LOWER TOWNSHIP - Lower Cape May Regional School District is disputing statements by a Cape May council member who suggests a funding battle will not cause long-term borrowing and budget problems.
Superintendent Christopher Kobik sounded alarms in January about not being allowed to incur debt during Cape May's attempt to leave or dissolve the grade 7 through 12 district, which includes Lower Township, West Cape May and Cape May.
Cape May last year submitted a petition with the state Department of Education to leave the district, starting a process that is likely to lead to a public vote or a court case on the issue.
Kobik said that under state statutes the district can't borrow money to do projects until the process is resolved, but, more significantly, the loss of debt service over time will shrink the budget and affect educational programs. With state-mandated caps on spending and tax levies, it makes it hard to increase a shrinking budget in the future, he said.
At a recent City Council meeting, Cape May Deputy Mayor Jack Wichterman downplayed the problem, arguing the district can incur debt as soon as Cape May County Interim Executive County Superintendent Richard Stepura reads feasibility studies from the two towns and makes a decision on where to direct the initiative. Stepura is expected to make a decision sometime in March.
Kobik, however, points to a state statute that states a district shall not incur any additional indebtedness pending "the rejection of the proposal at a special school election" or until the state commissioner of education establishes a withdrawal date for Cape May leaving the district.

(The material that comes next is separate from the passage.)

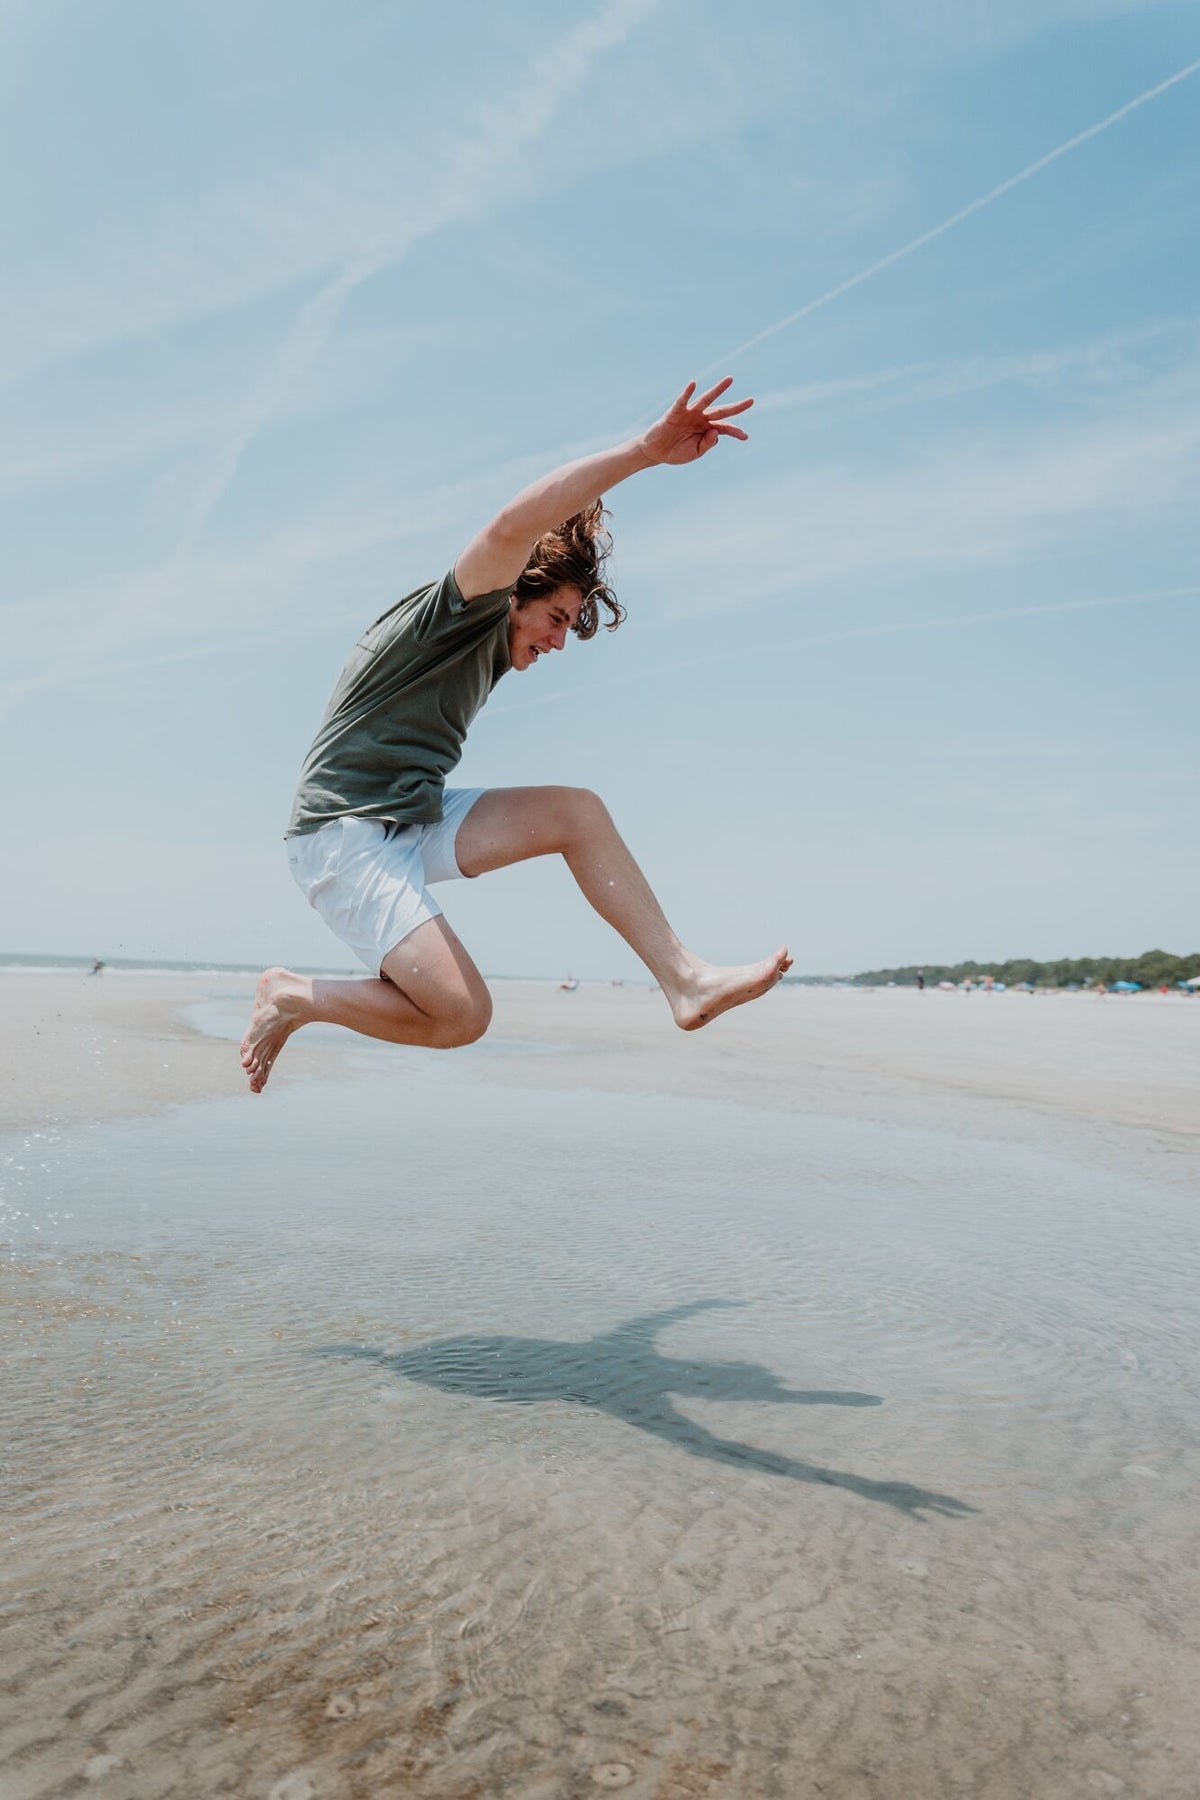 Mann springt energiegeladen am Strand in die Luft

Kobik said Wichterman's statements contradict the applicable regulatory authority and the directives from the state.
"Wichterman said as soon as the Cape May County superintendent makes a decision we can bond. Clearly, that's not the case. It's inaccurate," Kobik said.
Wichterman, however, said his statements were based on previous cases where towns have tried to leave regional school districts. He expects Stepura to make a decision that results in Cape May going to court, and with such cases often dragging on for years, the district would be allowed to incur debt.
"They can't hold them up for as long as we might be in court with the problem," said Wichterman. "We feel the county super will reject our plea because they historically do that. They don't let it get to a vote. If it goes to a vote, they can't incur debt until after that vote. "
Kobik said the issue is already having negative effects and putting "an immediate burden on the students." He said the budget being sent to the state in March retires $262,000 in debt and it is not being renewed even though there are projects at the high school and junior high school that need to be done.
"Right now, we have major projects to undertake to ensure the integrity of our schools. These include repairing and replacing our roofs, fixing our plumbing and repairing windows in our buildings. In the meantime we must spend money on temporary repairs. These funds are coming from the operating budget and leaving less for student programs," Kobik said.
Cape May officials, including Wichterman, have said the goal is not necessarily to leave the district but to bring about changes to the funding formula for the district. It is currently based mostly on property values in the three towns and Cape May pays about one-third of the budget but supplies less than six percent of the students.